Tina: ahora mismo me pongo a correr. Pero acompañada, ¿de acuerdo? Espero que estés cerca en la carrera, porque si algo falla, tú siempre echas una ayudita. Gracias.

Gurb siempre tan documentado... Pero esta vez te has lucido: no conozco la canción pero la letra es muy bonita; seguro que con la voz de Ana Belén es preciosa. ¿La conoces tú? Muchas gracias y hasta siempre.

Tximeleta, yo también estoy feliz de leerte, de leeros. Y gracias por las alpargatas, que como siempre escribo desde casa, mejor eso que unos zapatos de tacón de aguja, ¿no? Nos vemos en el foro!

Chics, ¿cómo me ves desde tus más de cinco mil? Prepárate, porque ahora mismo cojo carrerilla y te alcanzo, ¿eh? Un abrazo.

Domtom, otro forero prolífico: cuidadín que llevas ya un montón de velas... Me encanta leerte; siempre estás ahí ayudando: ¿me contarás el secreto de disponer de tanto tiempo libre? Segur que sí, oi? Moltes gràcies!
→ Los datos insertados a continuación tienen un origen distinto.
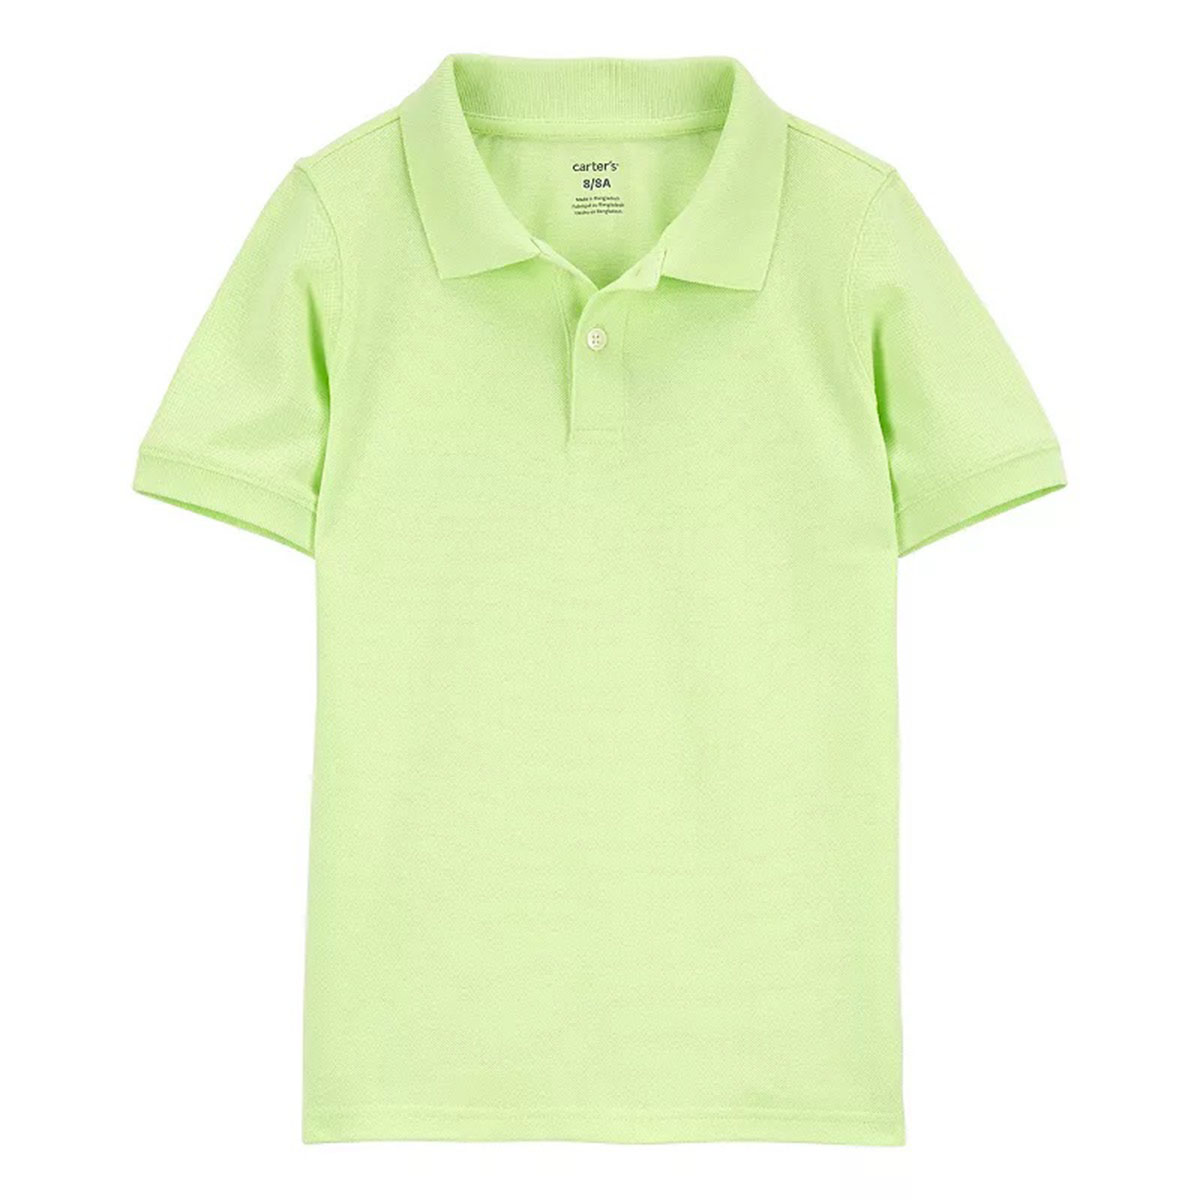 Boys (4-7) Carters(R) Short Sleeve Solid Polo - Green
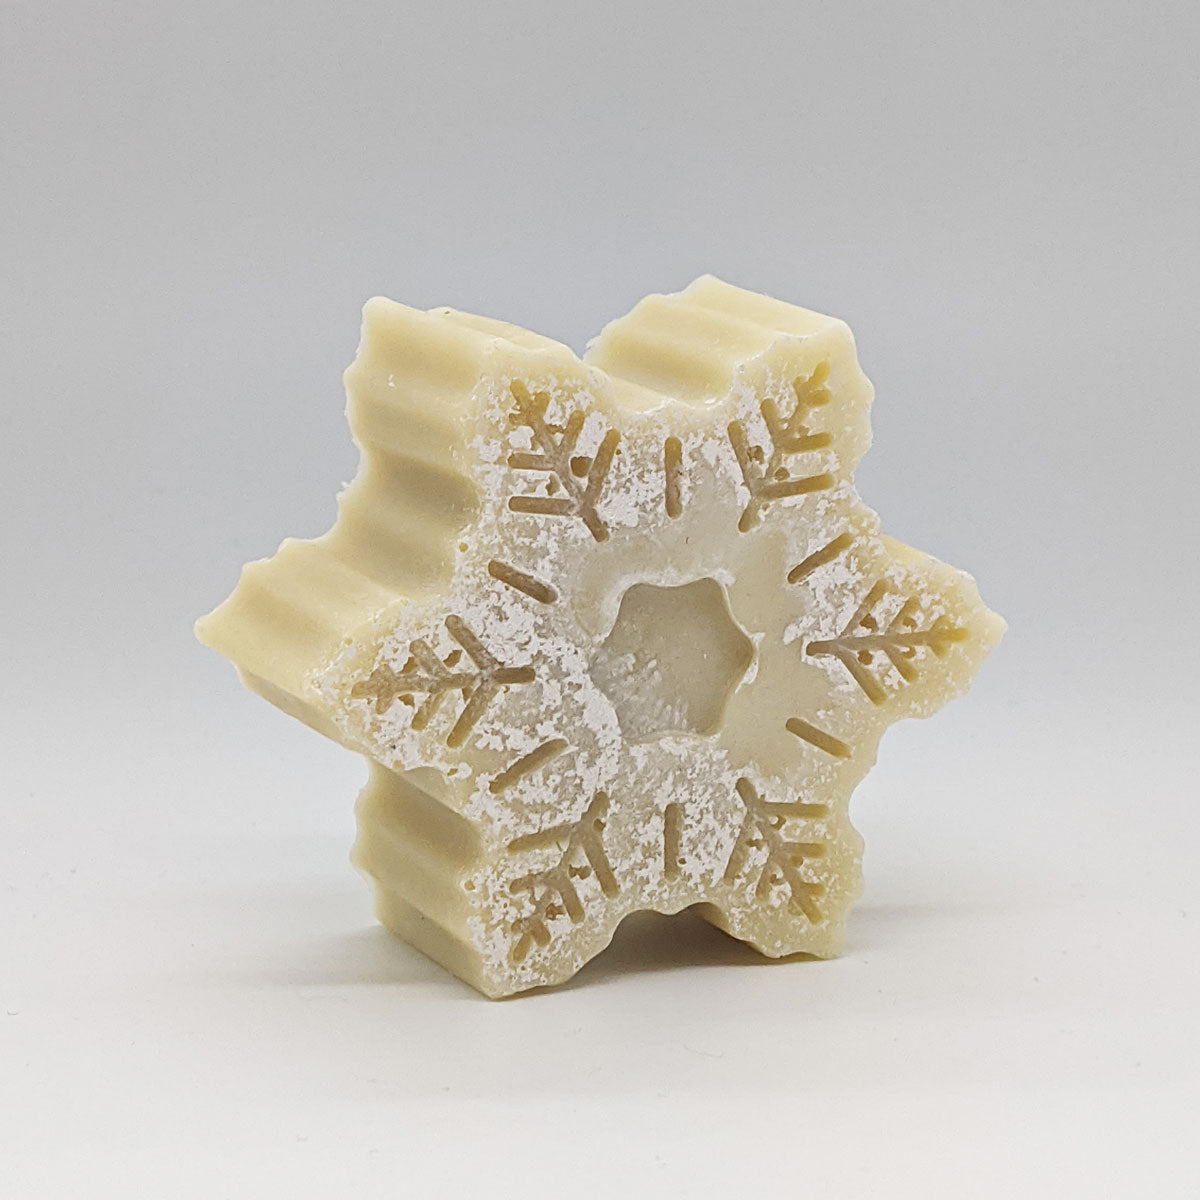 snowflake soap plastic free zero waste fir needle peppermint vanilla

Un abrazo muy fuerte a todos y gracias otra vez.
Marisol


----------



## Víctor Pérez

Es para mí un placer encontrarme contigo por estos foros. Sigue así.
Un abrazo,
Víctor


----------



## Marlluna

También tú me gustas mucho, Víctor 
Nos vemos por estos lares...
Marlluna


----------